Requirement:
Look through the listing below for the line containing "Architecture Interior Design". Copy it and each line after it up to and including the line containing "Port&Lotus Winter Men", exactly, leaving out pictures.

+++ Data to use +++

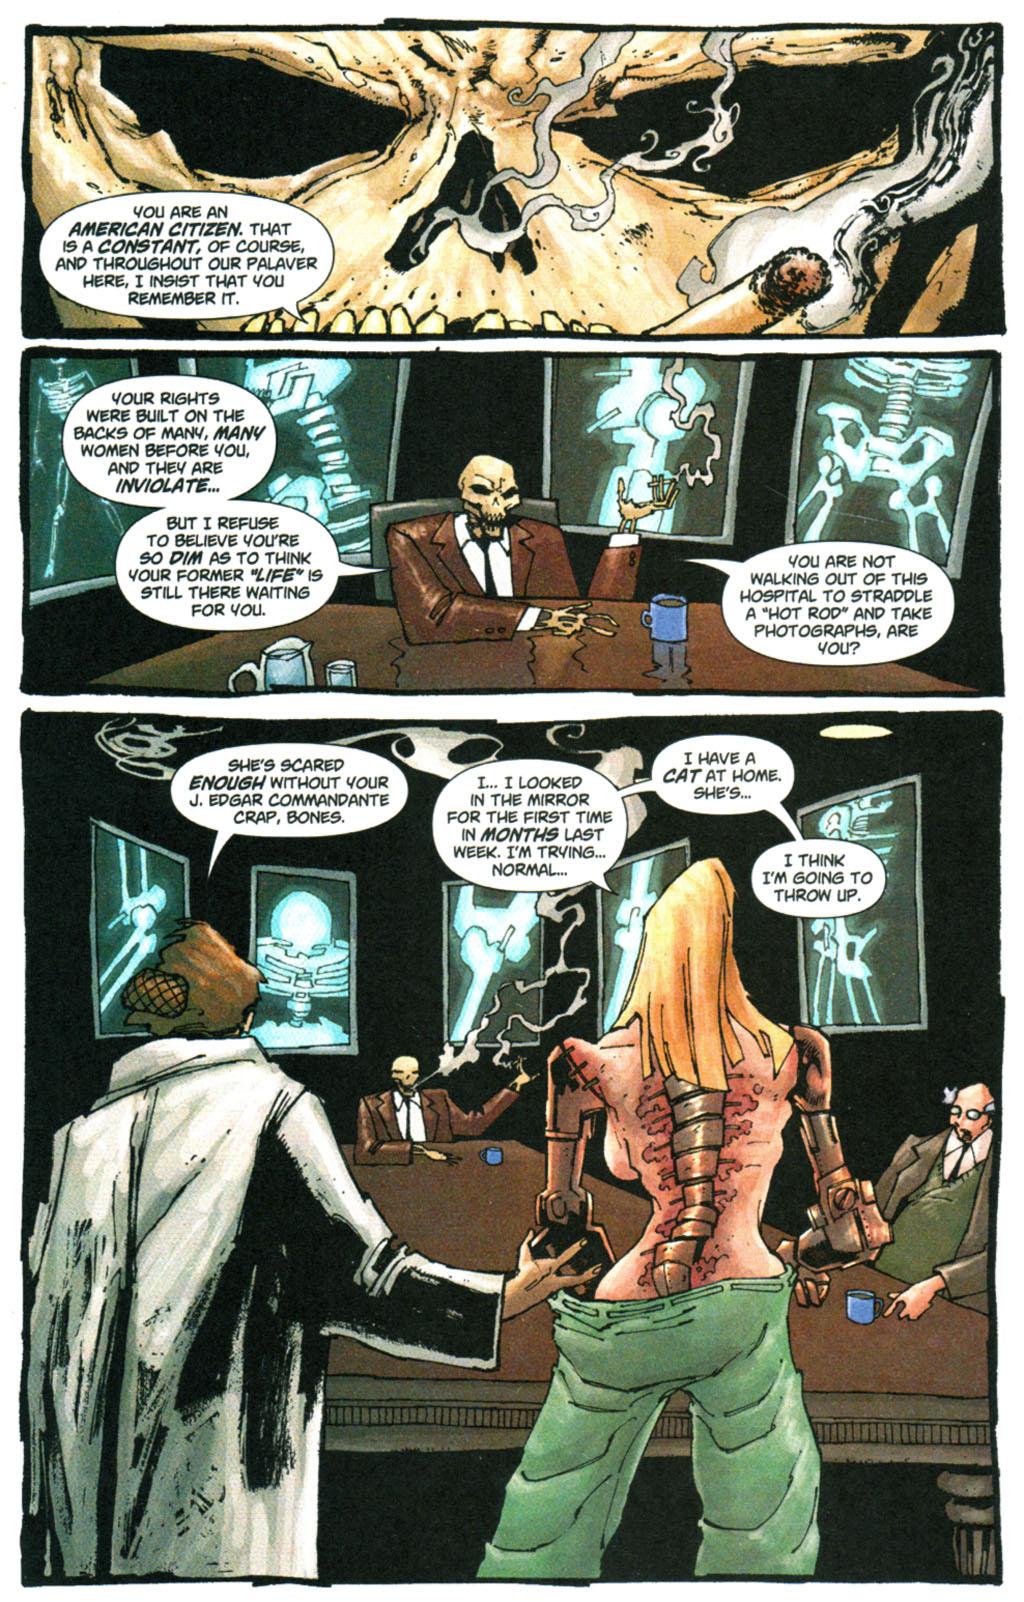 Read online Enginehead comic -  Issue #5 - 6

+++
+++ Data to use +++

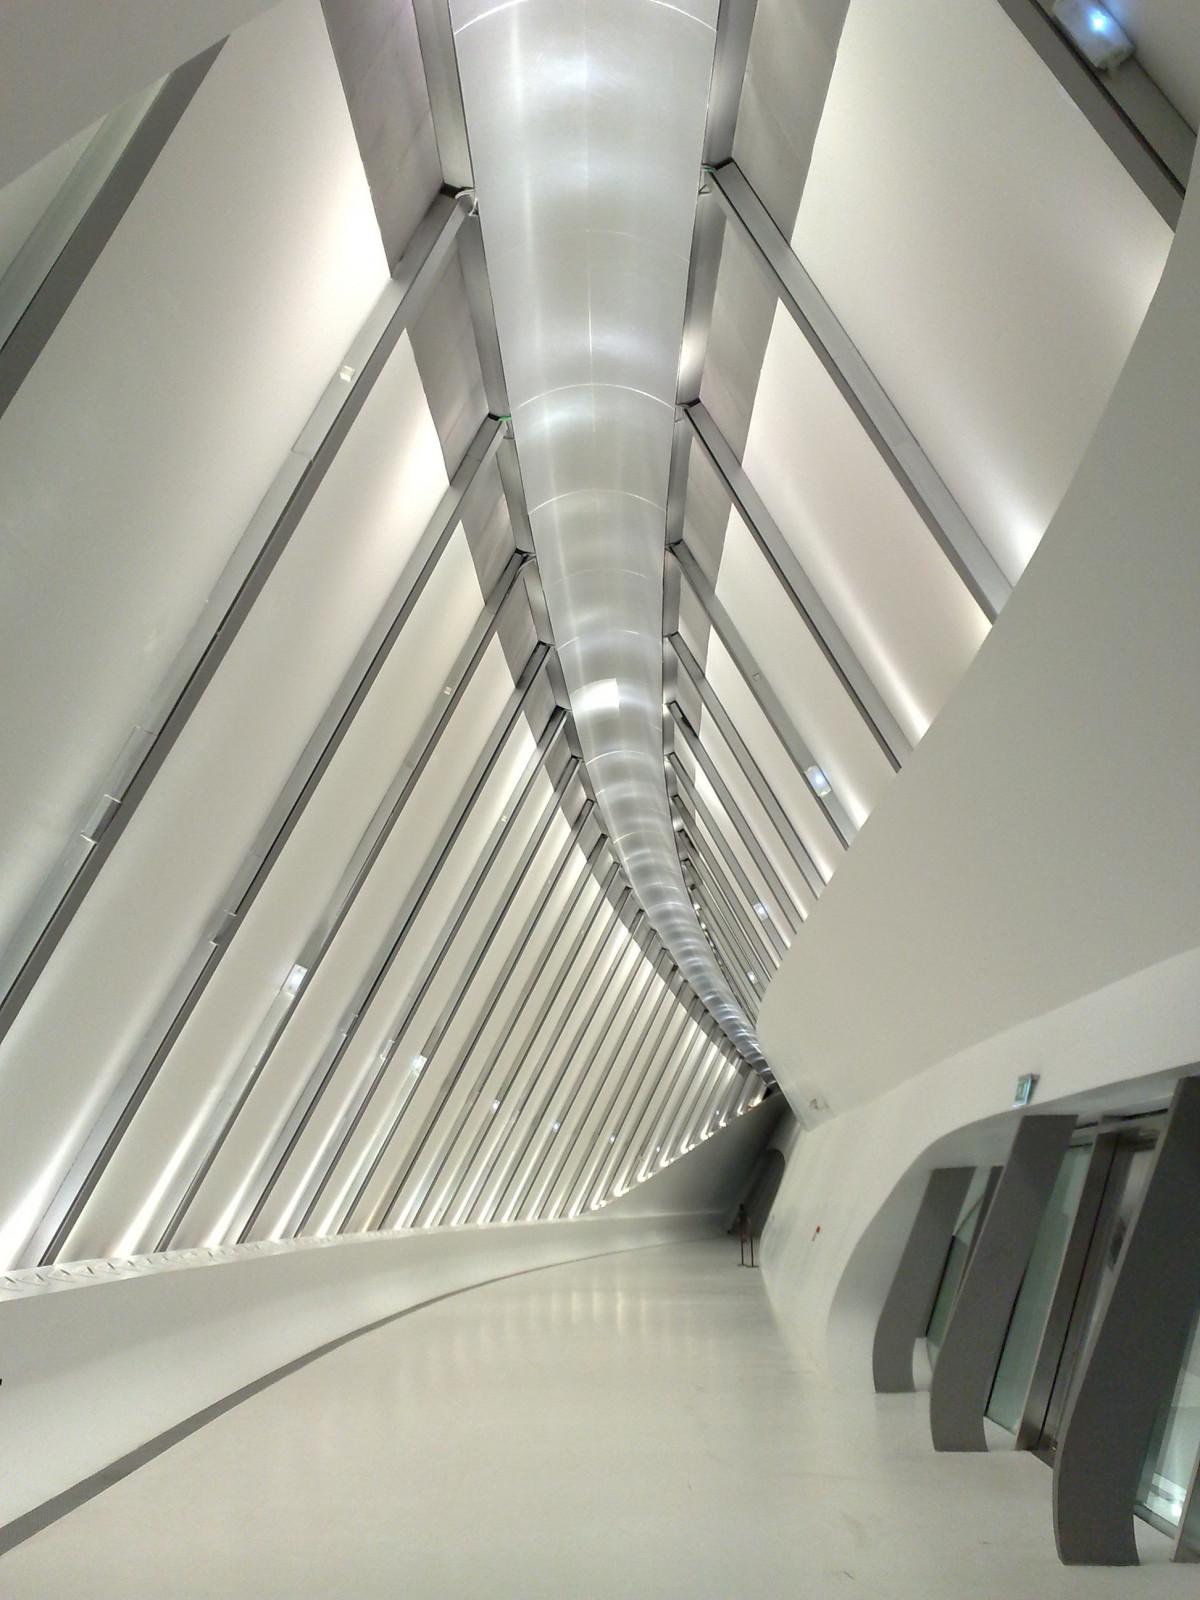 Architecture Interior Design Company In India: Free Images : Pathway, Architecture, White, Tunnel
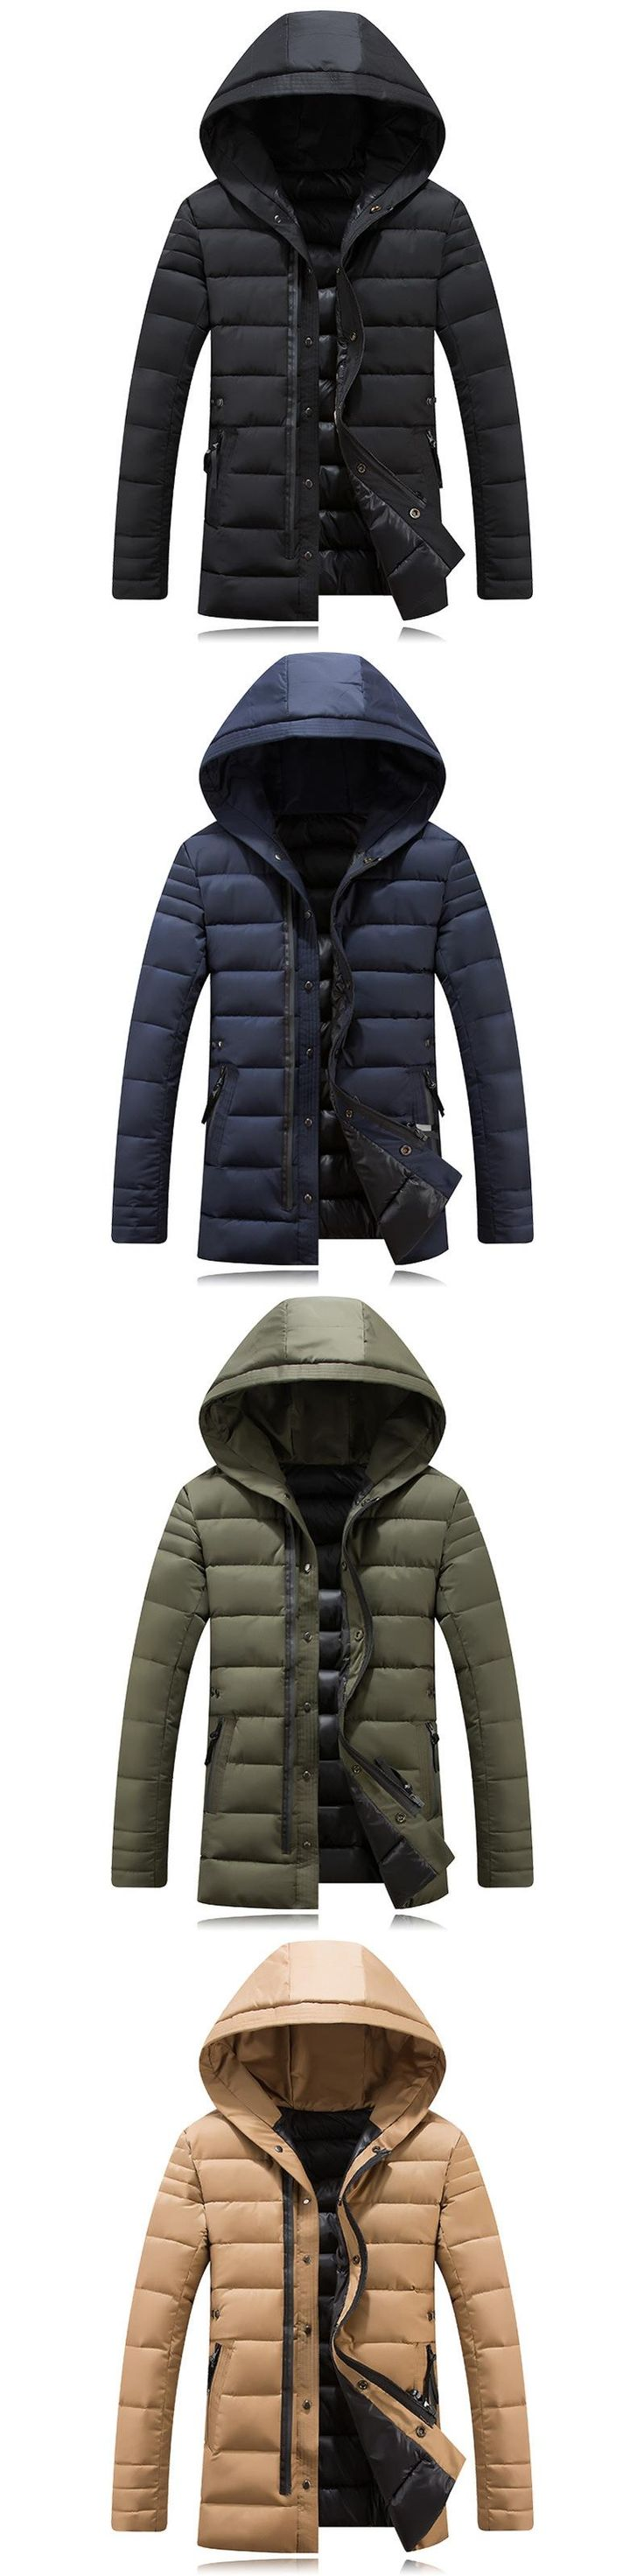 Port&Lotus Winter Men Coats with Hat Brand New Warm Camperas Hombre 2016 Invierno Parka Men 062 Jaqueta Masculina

+++

Exercise result:
 Architecture Interior Design Company In India: Free Images : Pathway, Architecture, White, Tunnel
 Port&Lotus Winter Men Coats with Hat Brand New Warm Camperas Hombre 2016 Invierno Parka Men 062 Jaqueta Masculina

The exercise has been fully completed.